Der differenzielle Ausgangswiderstand ist höher! Die stromlieferfähigkeit entspricht der Emiterschaltung. Nelson Pass verwendet Kaskodeschaltung in seinem "1000W" Endstufen.
Bei Dicky Hoppenstedt konnte das Geschlecht auch nicht so einfach bestimmt werden.



 
#63
Zitat:Original geschrieben von ChocoHolic
Also vermischt dein Aufbau nur zwei Effekte.
Chiptemperatur und Uce.

Wenn Darius das 5V-Datenblatt mit dem realen Betrieb 25W bei 250V vergleicht, so leidet er gleichzeitig unter BEIDEN Effekten.

Welcher Effekt dominiert ist ja eigentlich unerheblich, weil es nur auf die Summe ankommt.

Ich guck mir jetzt mal den 2SC3486 an... bin gespannt...
 
#64
Zitat:Original geschrieben von Hoppenstett

Zitat:Original geschrieben von Gerd

Der differenzielle Ausgangswiderstand ist höher! Die stromlieferfähigkeit entspricht der Emiterschaltung. Nelson Pass verwendet Kaskodeschaltung in seinem "1000W" Endstufen.

Das ist aber lange her.
 
#65
Für eine Ausgangsstufe ist natürlich die hohe Ausgangsimpedanz unschön. Fraglos wahr.

Trotzdem sind die Anforderungen in einer Kaskode sind schon anders.
Bzw. Die Kaskode mildert insbesondere die Auswirkungen von:
- Uce-Abhängigkeit der Stromverstärkung
- Kollektorbasiskapazität (wie auch bei Röhren die Millerkapazität)
Der erste in Emitterschaltung arbeitende Transistor arbeitet mit praktisch konstanter Uce.
==> Uce-Abhängigkeit ausgehebelt.
Außerdem wirkt die Kollektorbasiskapazität nur noch einfach auf die Basis zurück.
Der zweite "kaskodierende" Transistor arbeitet in Basisschaltung und braucht seine Stromverstärkung nur um sicherzustellen, dass in seinem Kollektor möglichst der gleiche Strom fließt wie am Emitter eingeprägt. Solange die Verstärkung halbwegs hoch ist, führen Schwankungen der Verstärkung nur zu sehr geringen Verzerrungen.
Zusammen gibt diese Anordnung geringe Verzerrungen, eine hohe Versorgungsspannungunterdrückung und eine hohe Grenzfrequenz.

Aber selbst in einer Kaskode ist eine Schwankung der Stromverstärkung zwischen 10 und 30 nicht schön.
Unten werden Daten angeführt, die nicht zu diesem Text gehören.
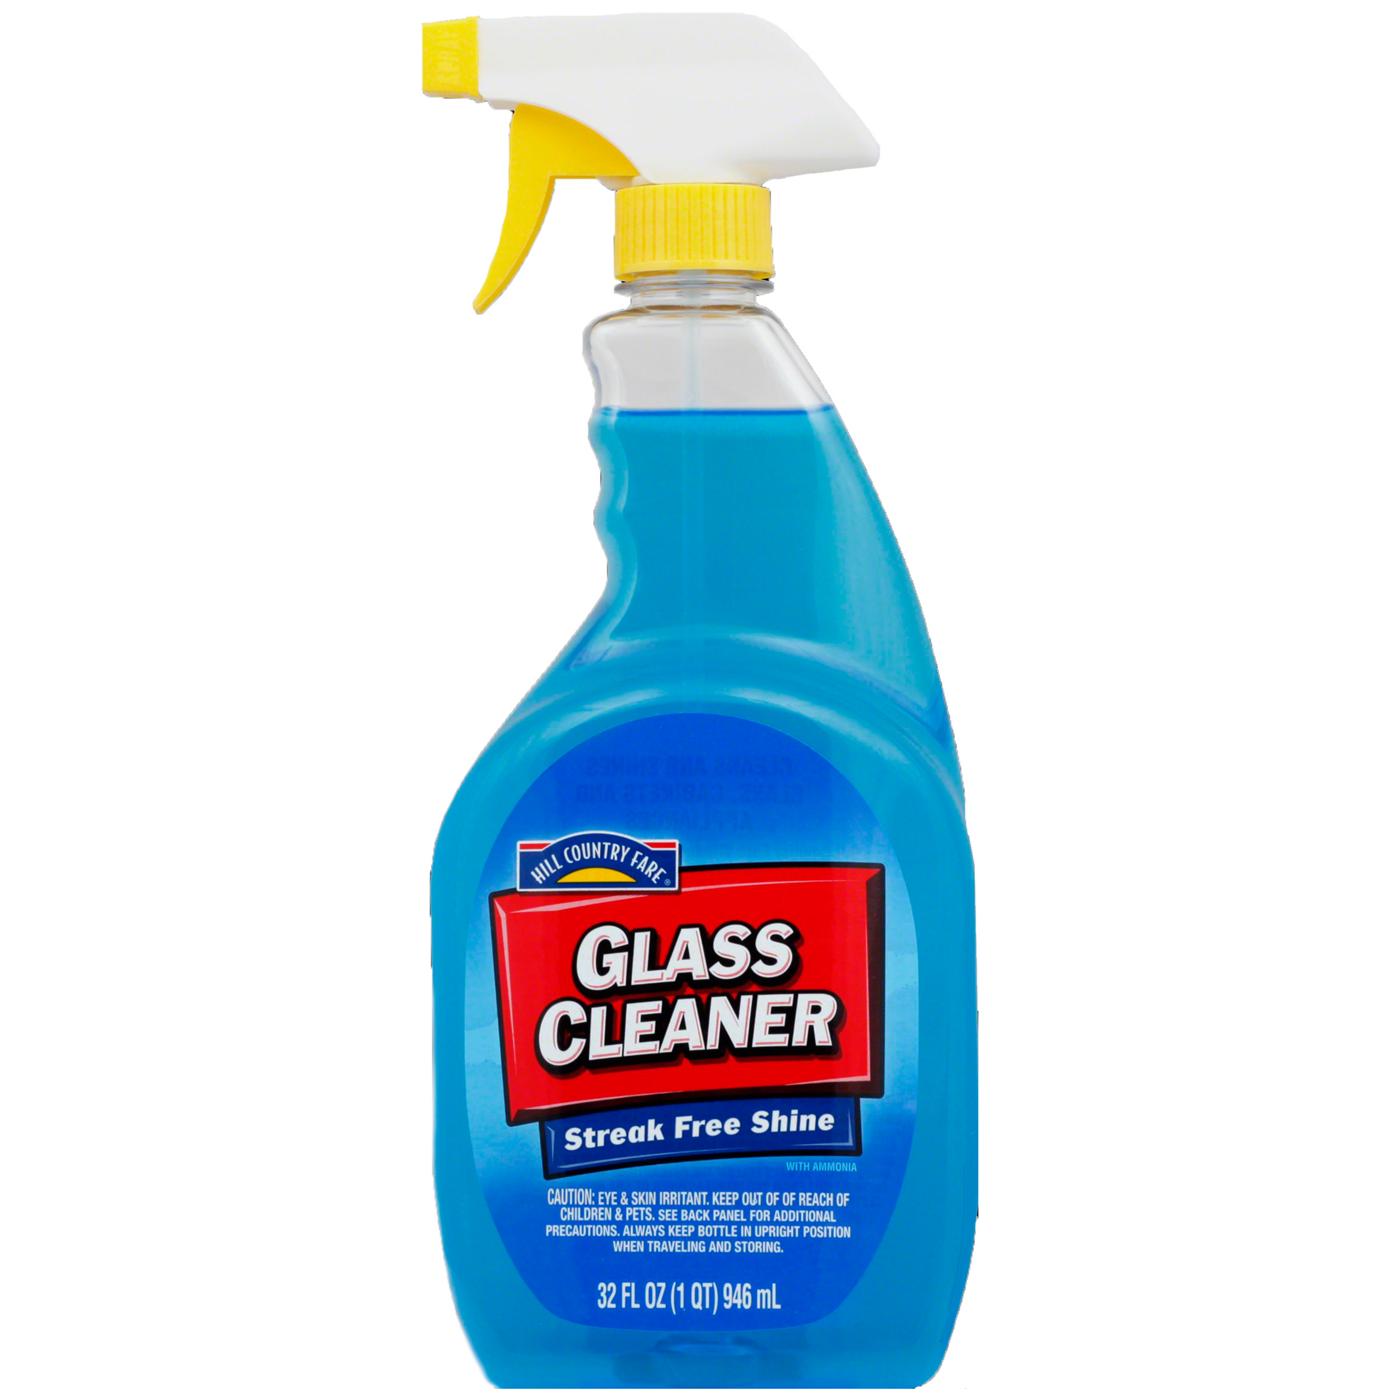 Hill Country Fare Glass Cleaner with Ammonia Spray - Shop All Purpose  Cleaners at H-E-B

Da die Verstärkung insgesamt recht niedrig ist, sind die Schwankungen nicht mehr zu vernachlässigen.
Ohne Gegenkopplung dürfte uns das selbst in der Kaskode schon Verzerrungen im ganzzahligen %-Bereich bescheeren.

 
#66
Auch bei dem 2SC3486 ist das Verhältnis zwischen kaltem 5V-hfe und 25Watt-heißem 250V-hfe wieder bei "etwas mehr" als ein paar Prozentpunkte.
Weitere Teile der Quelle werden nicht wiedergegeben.